Dear Doc | Can a man get yeast infection?
Q Dear Doc, I have symptoms of HIV, but did an HIV test and the result came back negative. Is there any way I should still be worried? The symptoms are a white lining and bumps in my mouth, which go away then come back. Should I just rule out HIV as they are only symptoms and the test already came back negative? This has been worrying me ever since I had oral sex on a female. I noticed the symptoms two weeks later and it took me five months after to do the HIV test - which came back negative. Can a guy catch HIV from performing oral sex on a female?
A Repeating an HIV test is never a bad idea, and I agree with repeating it.
Now, whereas HIV, in the broad sense, has no symptoms, there is what is called acute retroviral illness. The acute retroviral illness is characterised by fever, enlarged lymph nodes (wax and cannon), sore throat, rash, joint and muscle pain, and headache.
The majority of persons with early HIV infection will be asymptomatic.
In those persons who develop symptoms, the average time from HIV exposure to the development of symptoms is two to four weeks. Of note, incubation periods as long as 10 months have been observed, and this is why repeating an HIV test is a good idea if you are still concerned.
The common oropharyngeal (relating to the mouth) symptoms associated with acute HIV infection include a sore throat and painful mouth ulcers. These ulcers are shallow, with sharp, well-defined edges and a white base surrounded by a thin area of redness.
The white lining of your mouth is suggestive of oral candidiasis and is the opportunistic infection most often seen in persons with later stages of HIV, but may also be related to oral hygiene and may be as a result of particles trapped between your taste buds. (See article of May 13.)

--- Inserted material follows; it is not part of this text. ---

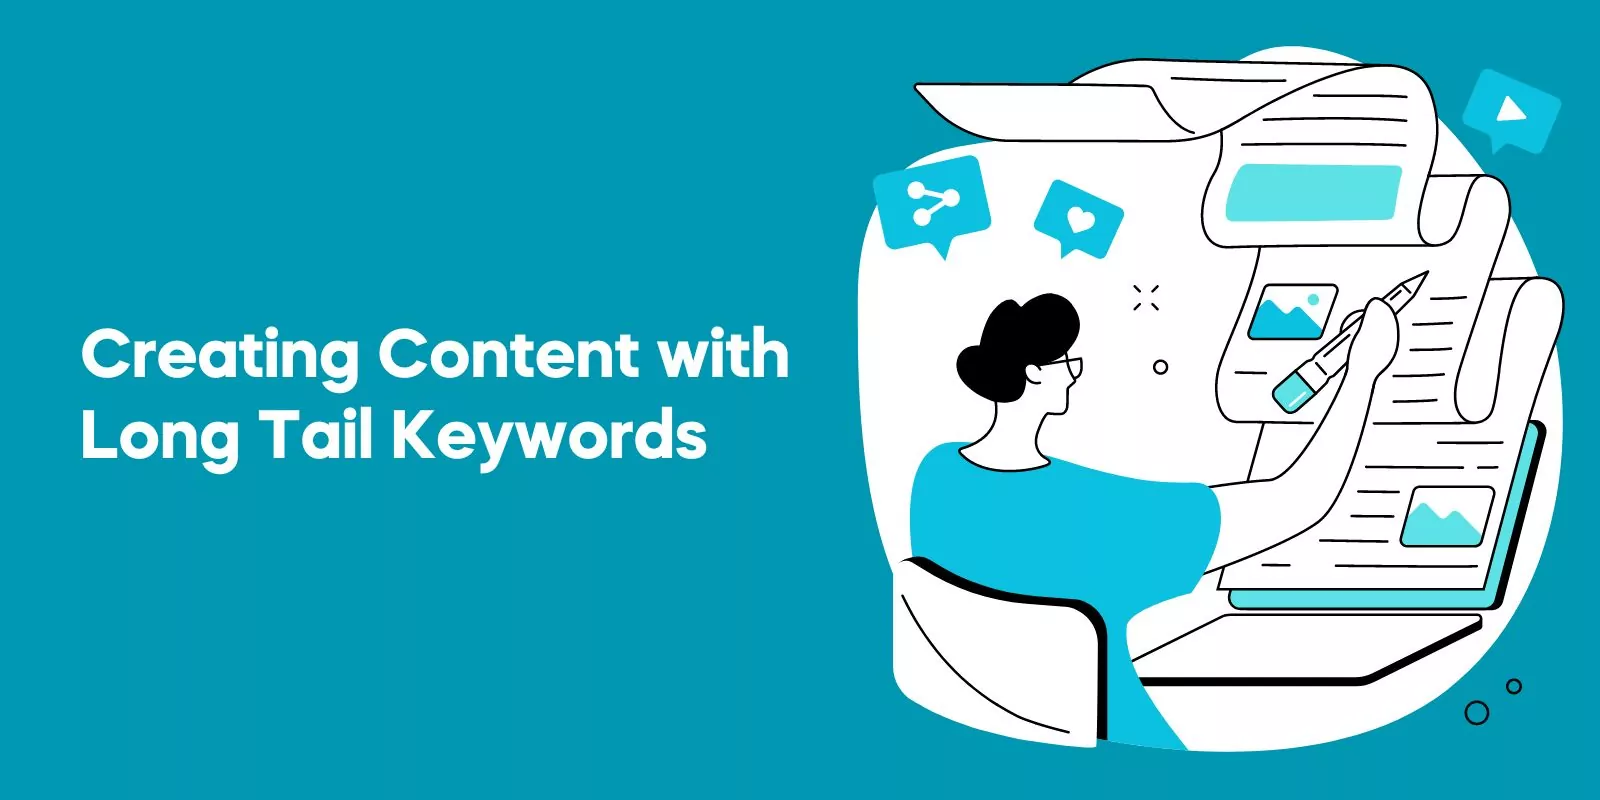 Creating Content with Long Tail Keywords

Regarding contracting HIV from oral sex, the answer is yes! HIV, as well as other sexually transmitted infections (STIs), can be contracted from oral sex. Again, this is why it is important to do not only HIV testing, but a complete STI test panel. You can arrange doing both at the same time with your doctor.

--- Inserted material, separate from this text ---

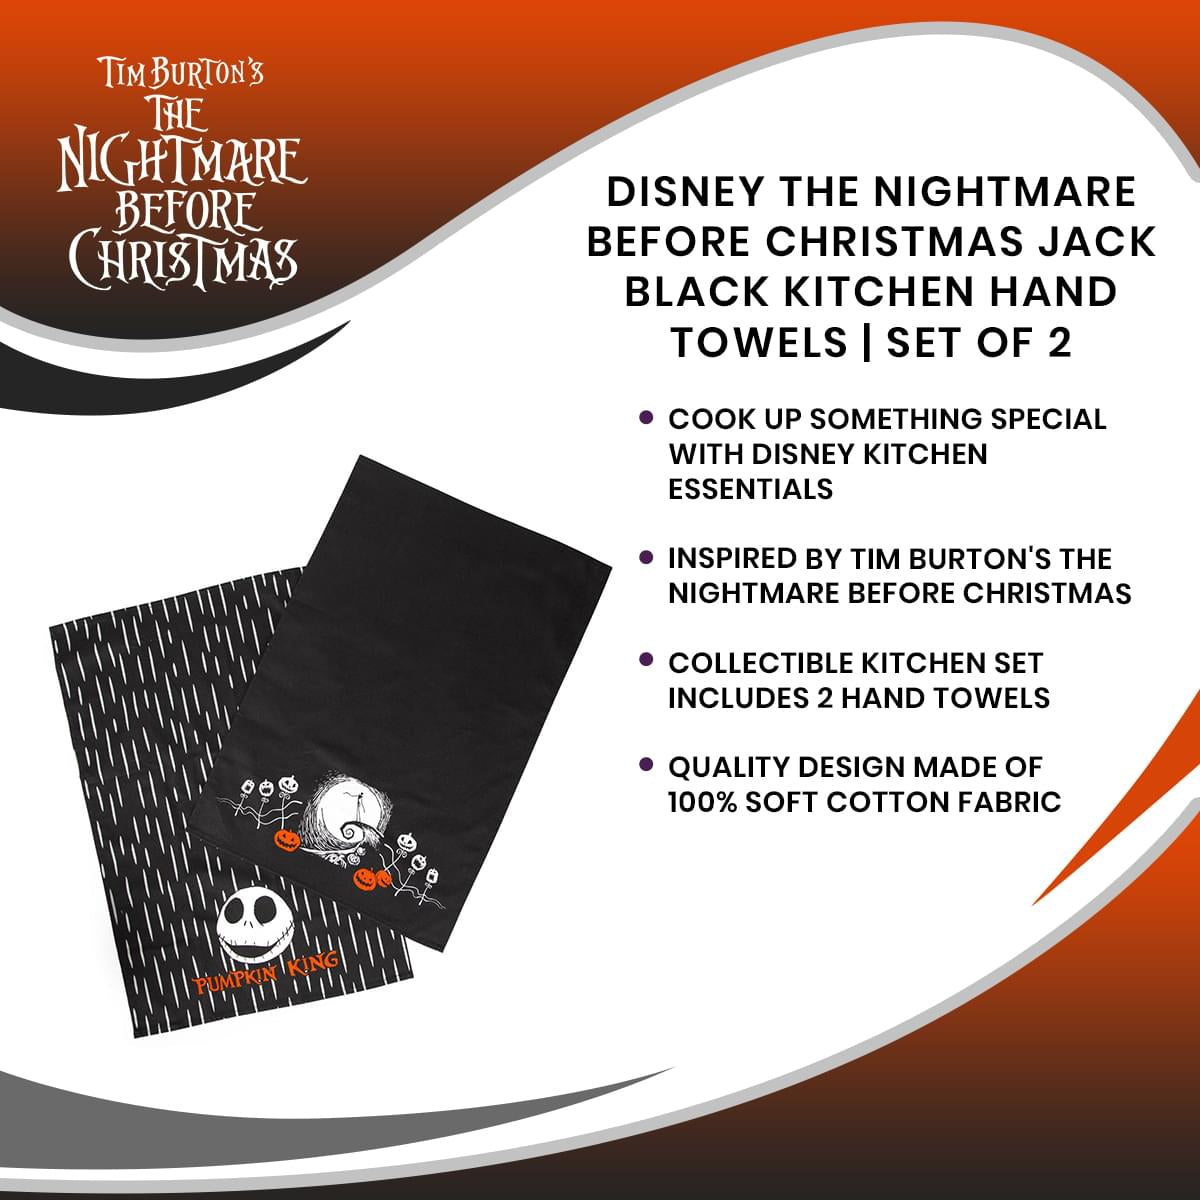 Disney The Nightmare Before Christmas Jack Black Kitchen Hand Towels | Set of 2

Q Dear Doc, can a man get a yeast infection. If so, how will he know he has one?
A Although it is often thought of as a female health problem, yes, a man can get a yeast infection. Yeast infections in men occur because the fungus that causes yeast infections (candida) is normally present on the skin, especially moist skin. So uncircumcised men are at greater risk.
When some contributing factor - such as having unprotected sex with a female who has a vaginal yeast infection - causes an overgrowth of candida, infection can result. You can also develop a yeast infection without sexual activity. Poor hygiene can make you vulnerable to a yeast infection, as well as prolonged use of antibiotics, having diabetes or being obese.
It usually appears as small, white spots; redness; or a dry, peeling rash on the penis, accompanied by itching, irritation or burning.
Most male yeast infections are easily treated with antifungal creams and tablets.
If you and your partner both have symptoms of a yeast infection, it's important that you both be treated at the same time to avoid reinfecting each other.